## The data
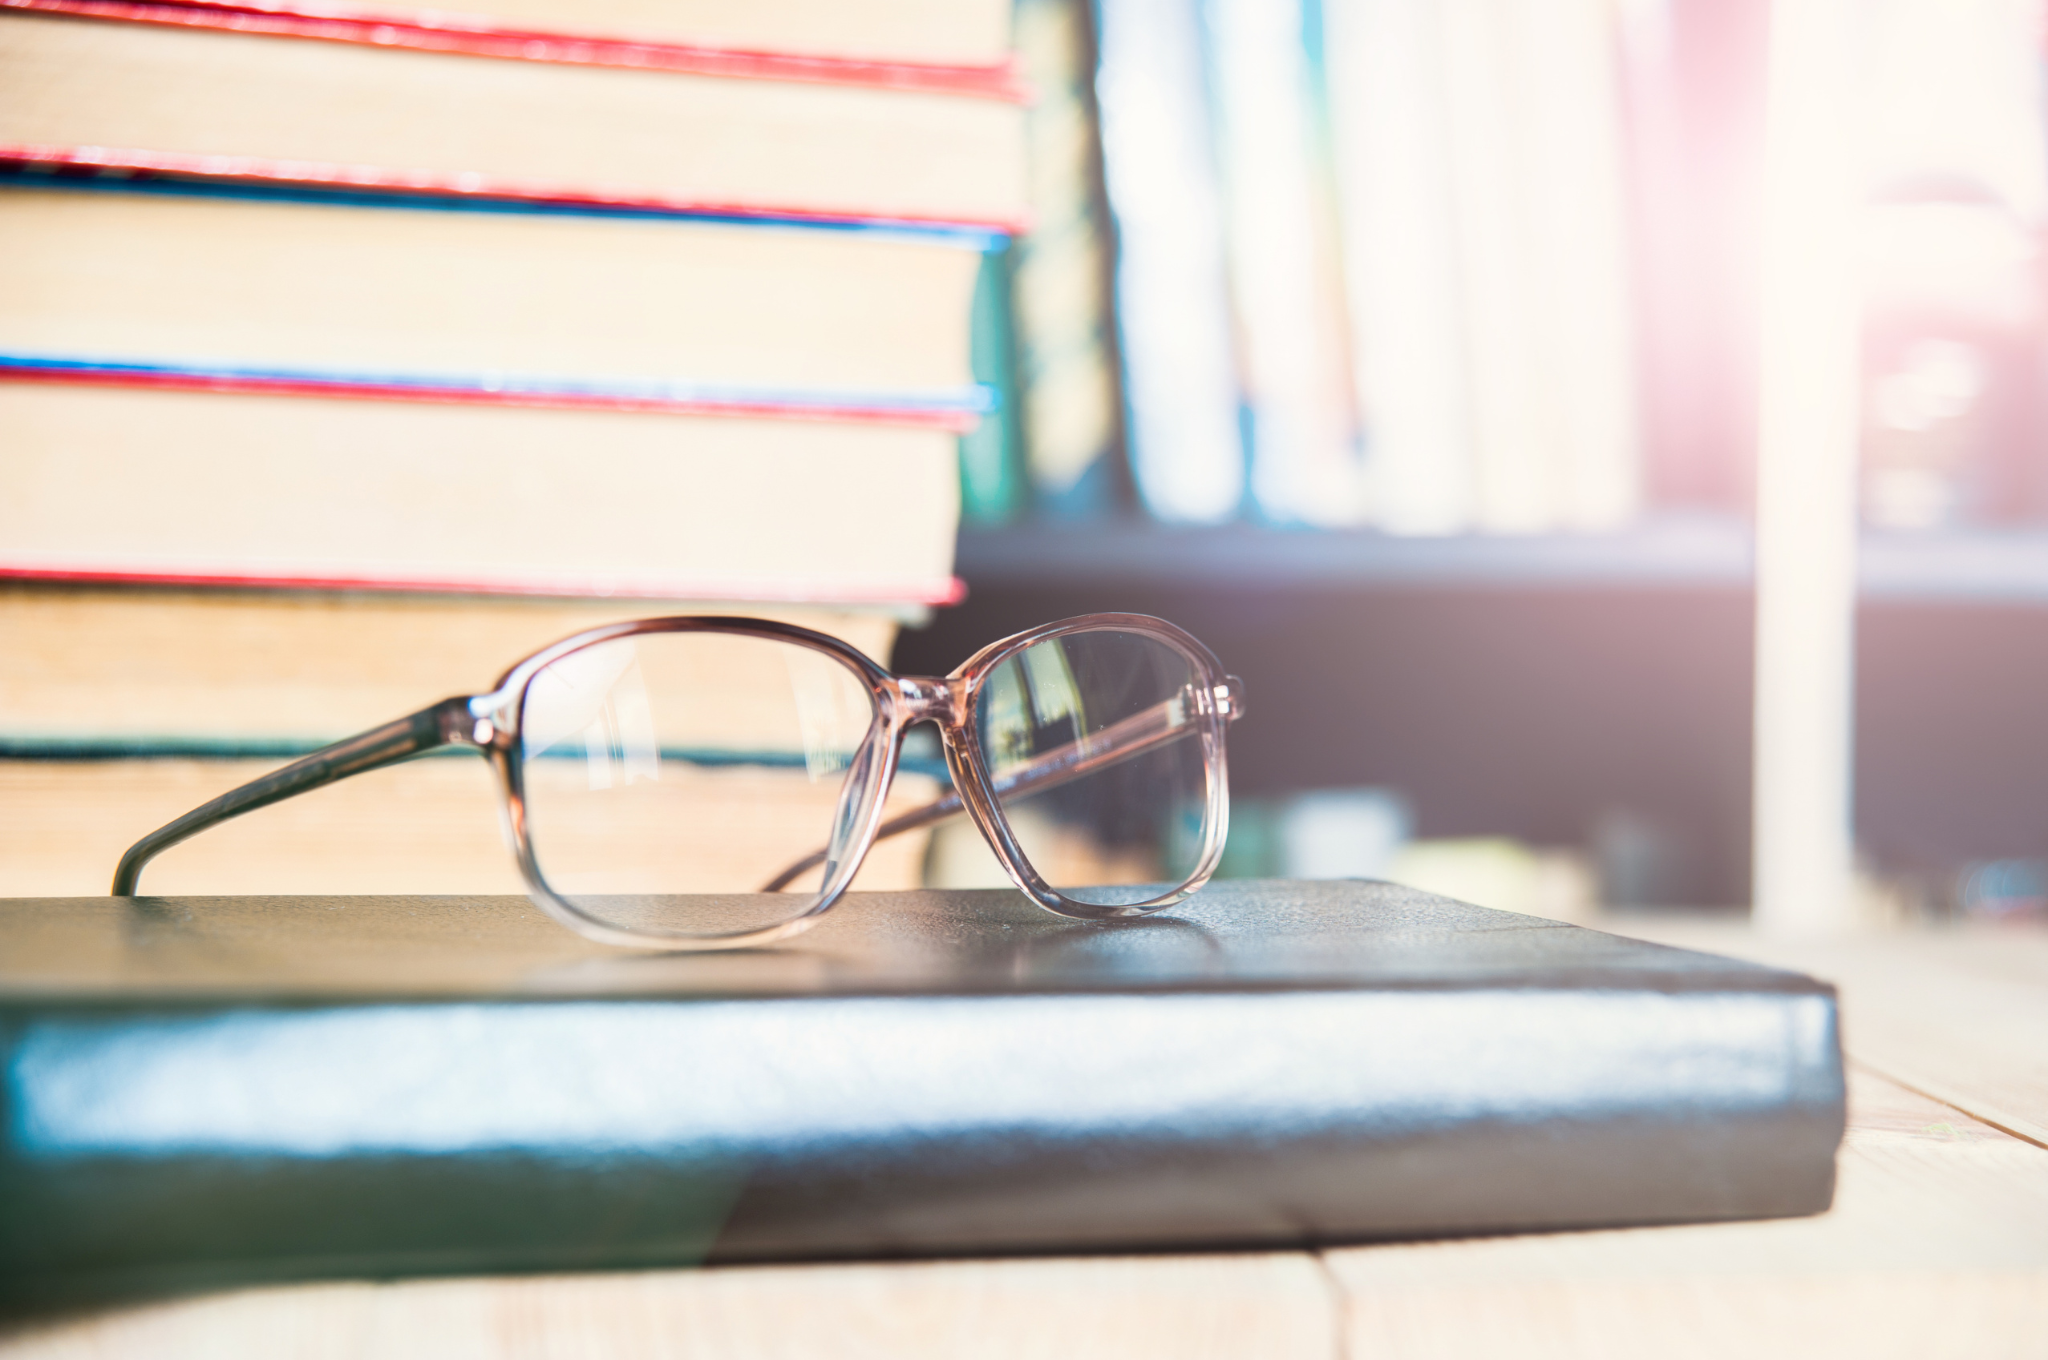 okulary leżące na książce, w tle sterta książek
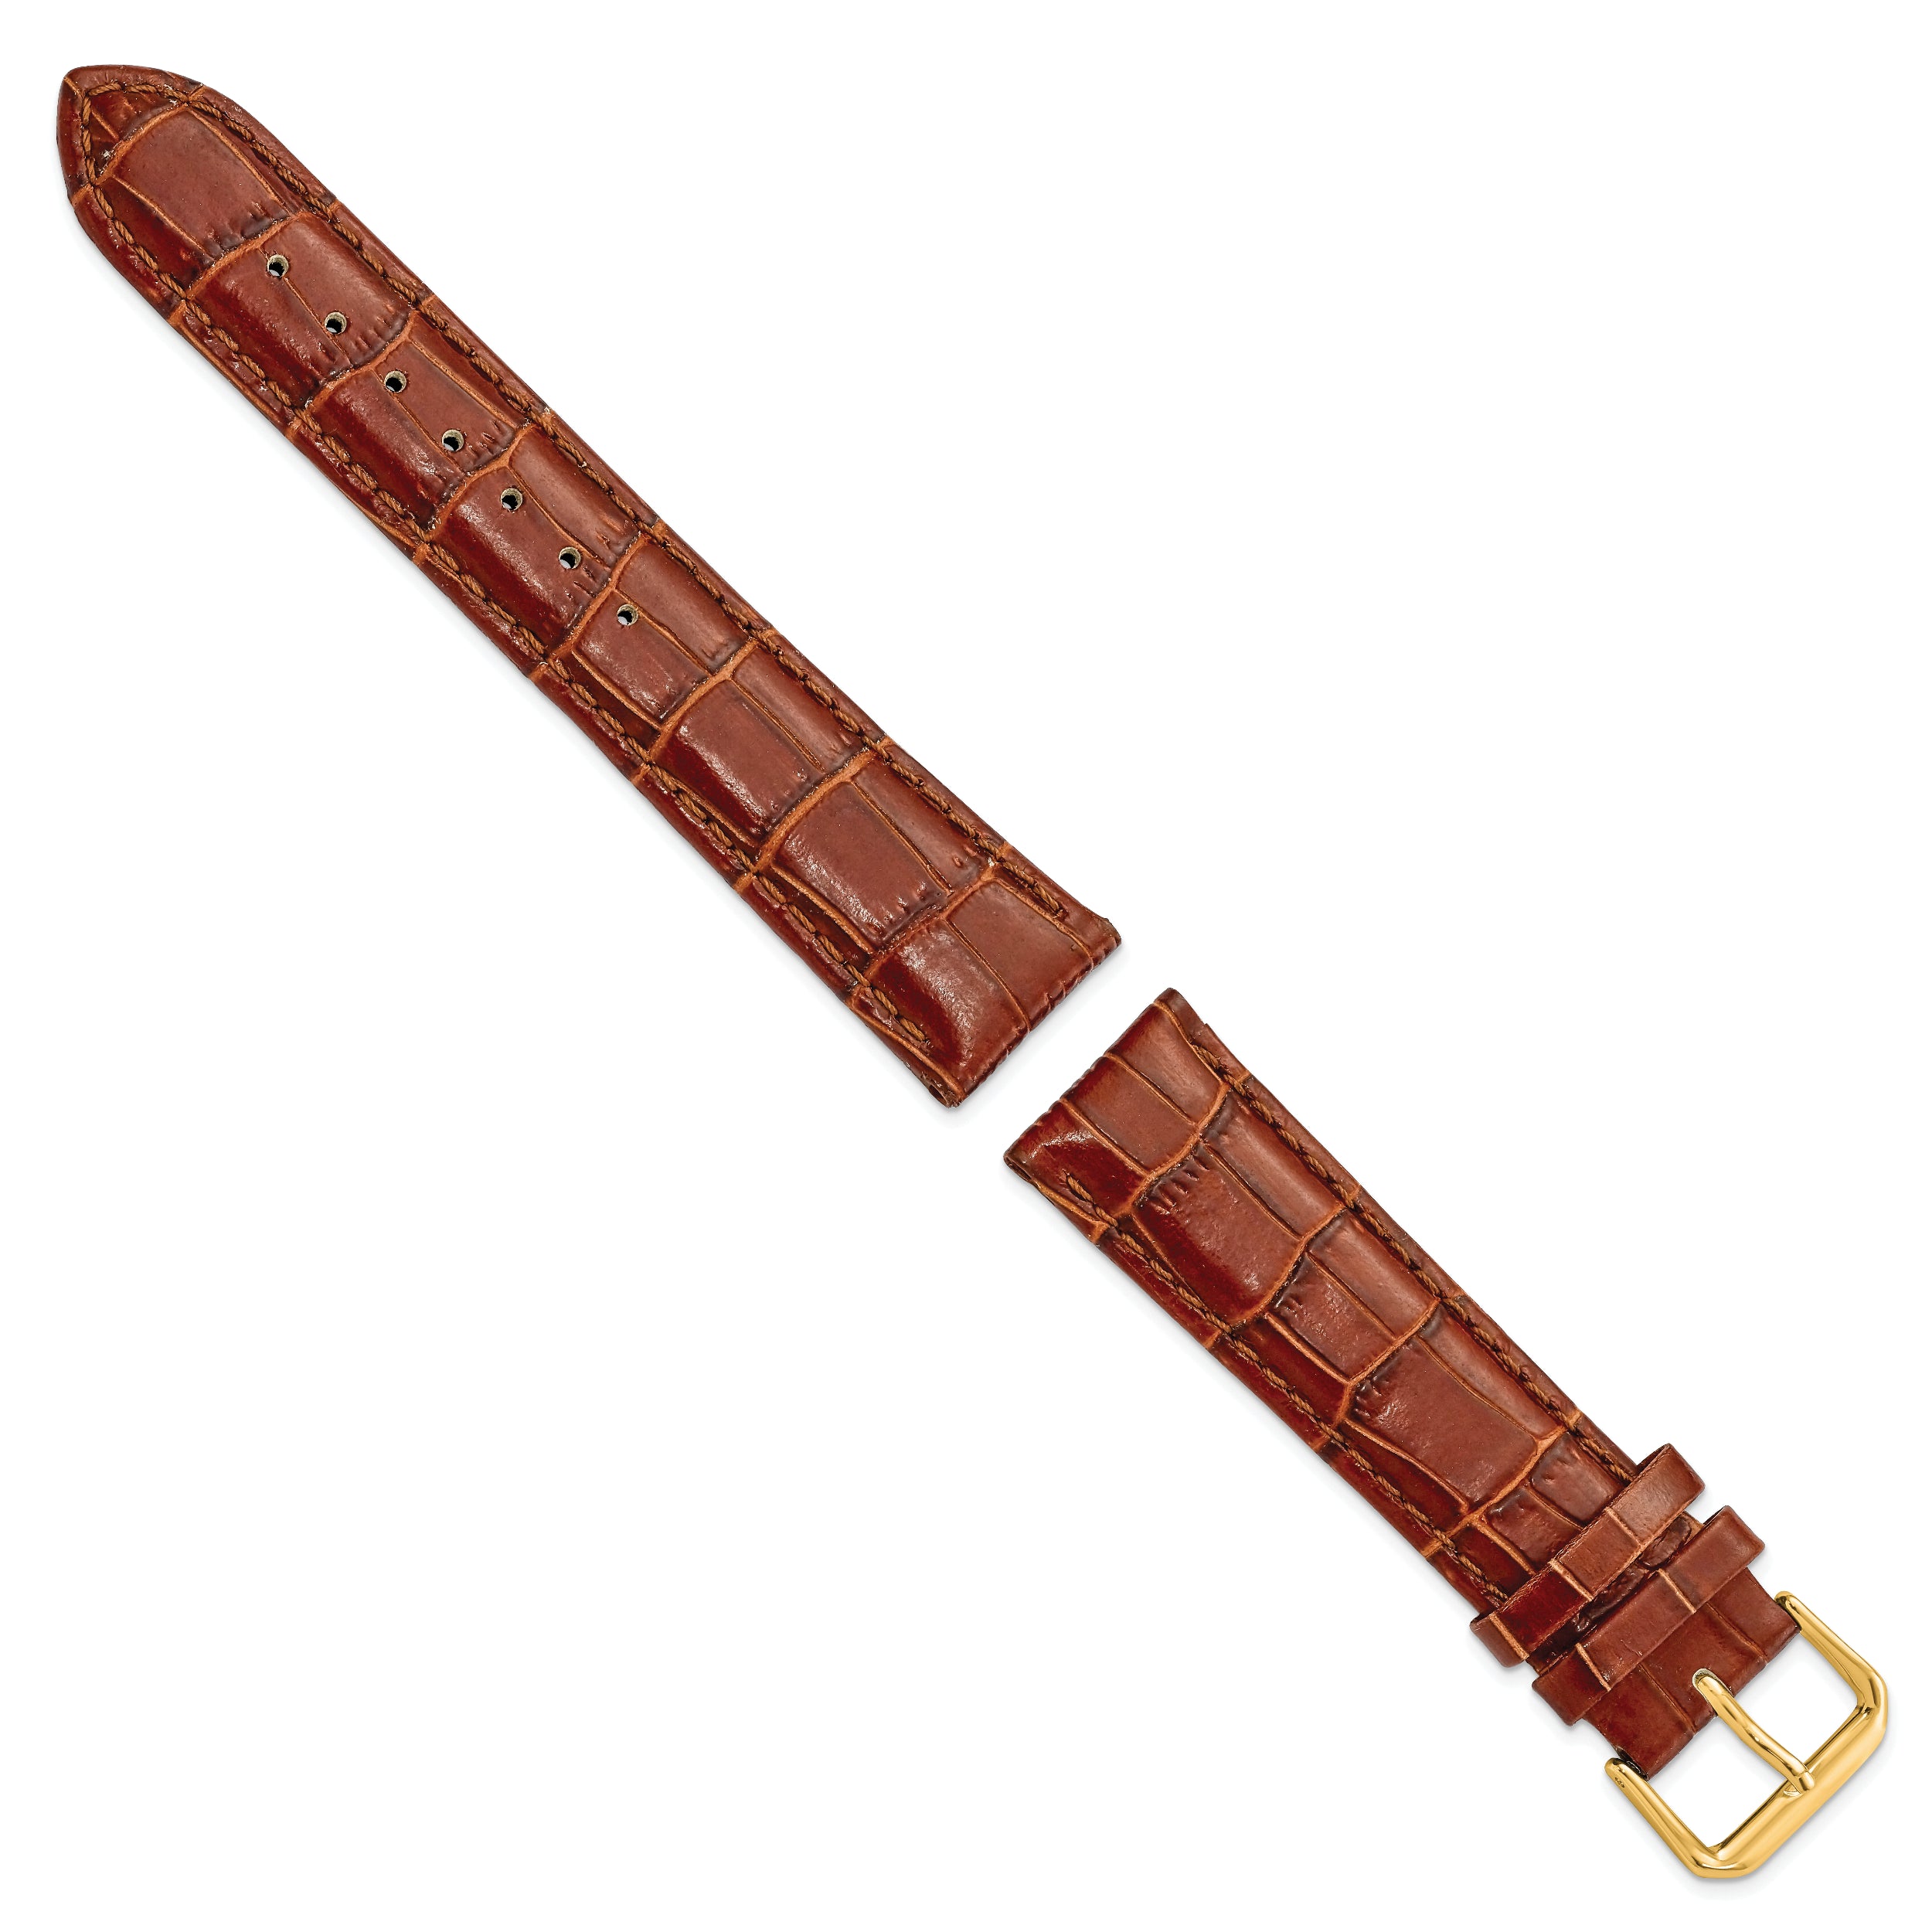 10mm Havana Crocodile Grain Leather with Dark Stitching and Gold-tone Buckle 6.75 inch Watch Band
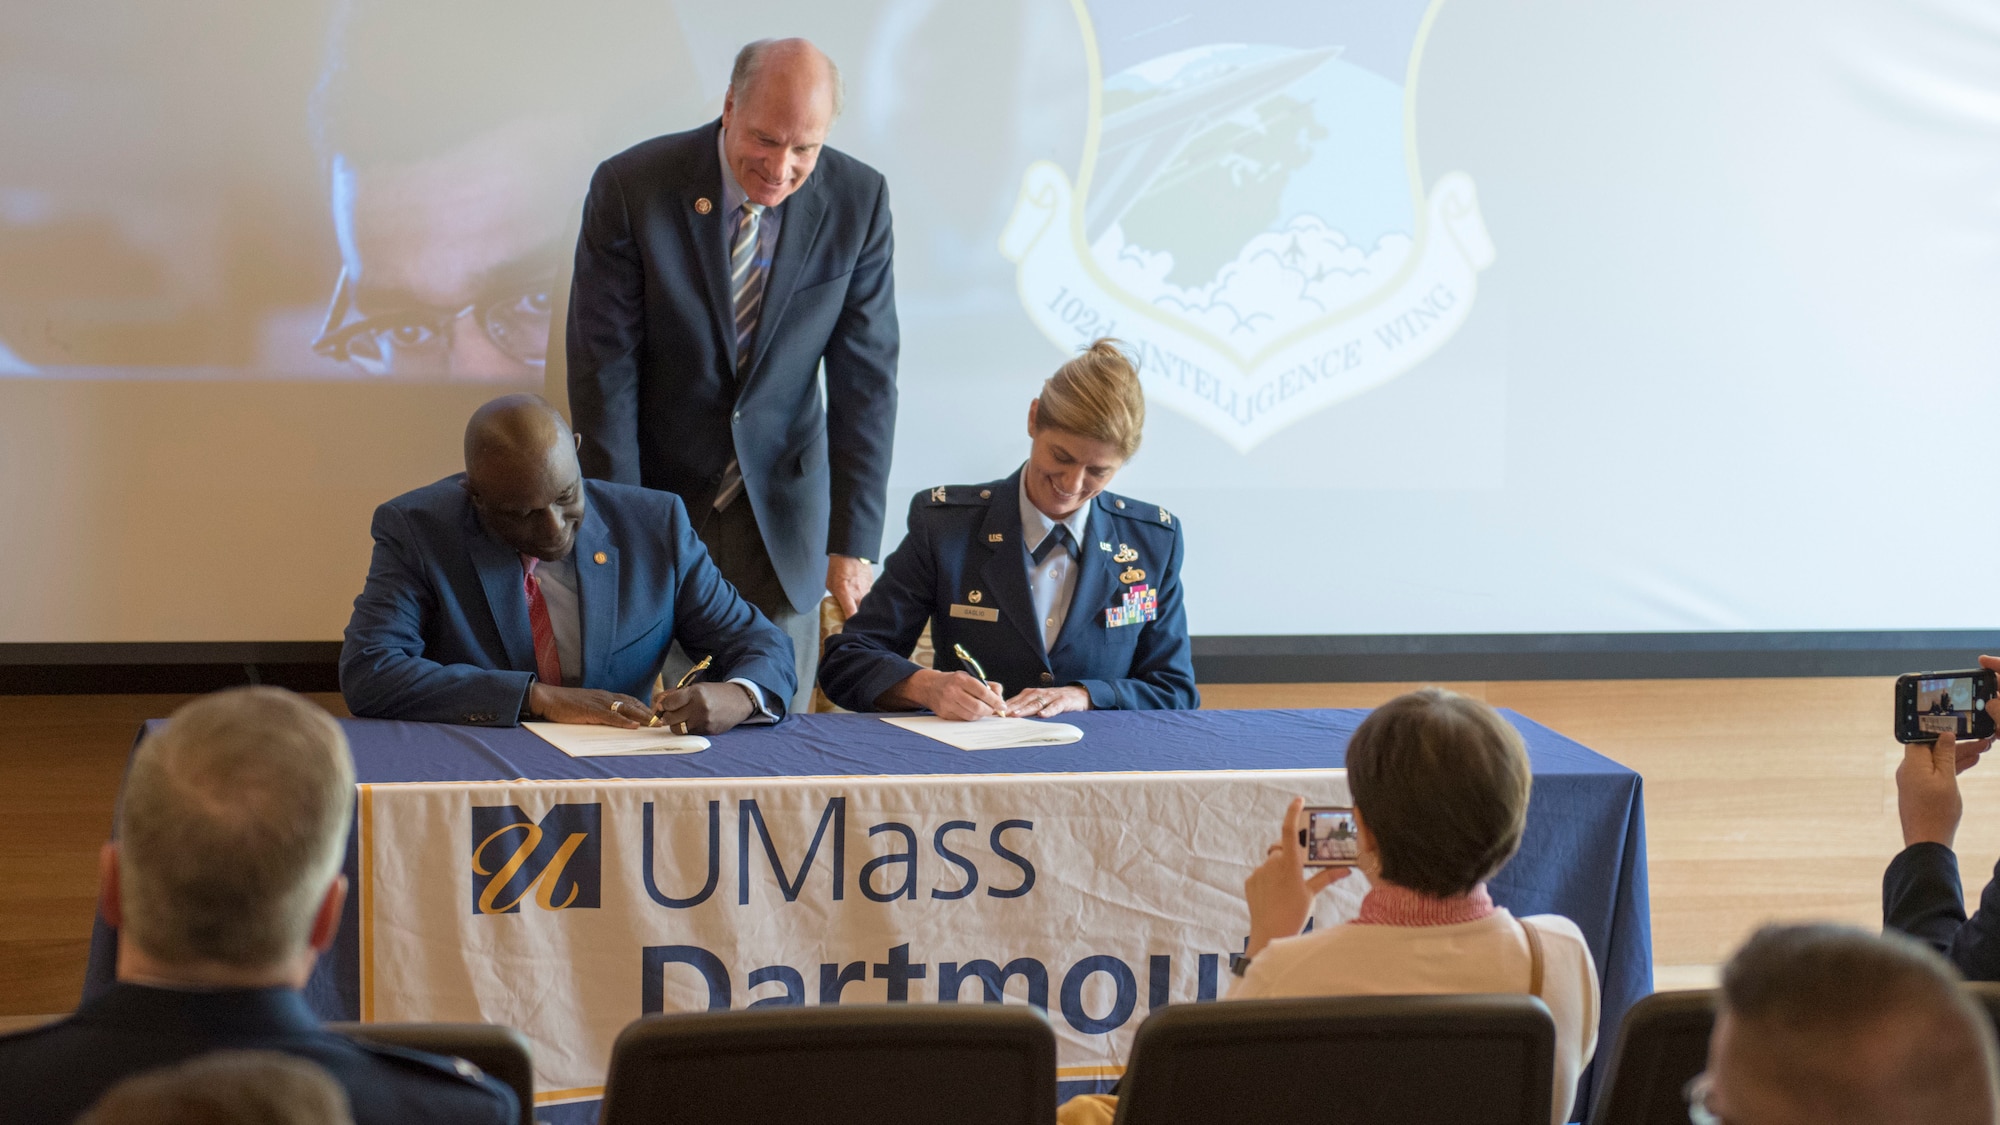 102IW Commander signs Memorandum of Understanding with UMass Dartmouth

## What you have to do
With the pictures set aside, return each line of the listing exactly as given.

## Result of the exercise
 okulary leżące na książce, w tle sterta książek
 10mm Havana Crocodile Grain Leather with Dark Stitching and Gold-tone Buckle 6.75 inch Watch Band
 102IW Commander signs Memorandum of Understanding with UMass Dartmouth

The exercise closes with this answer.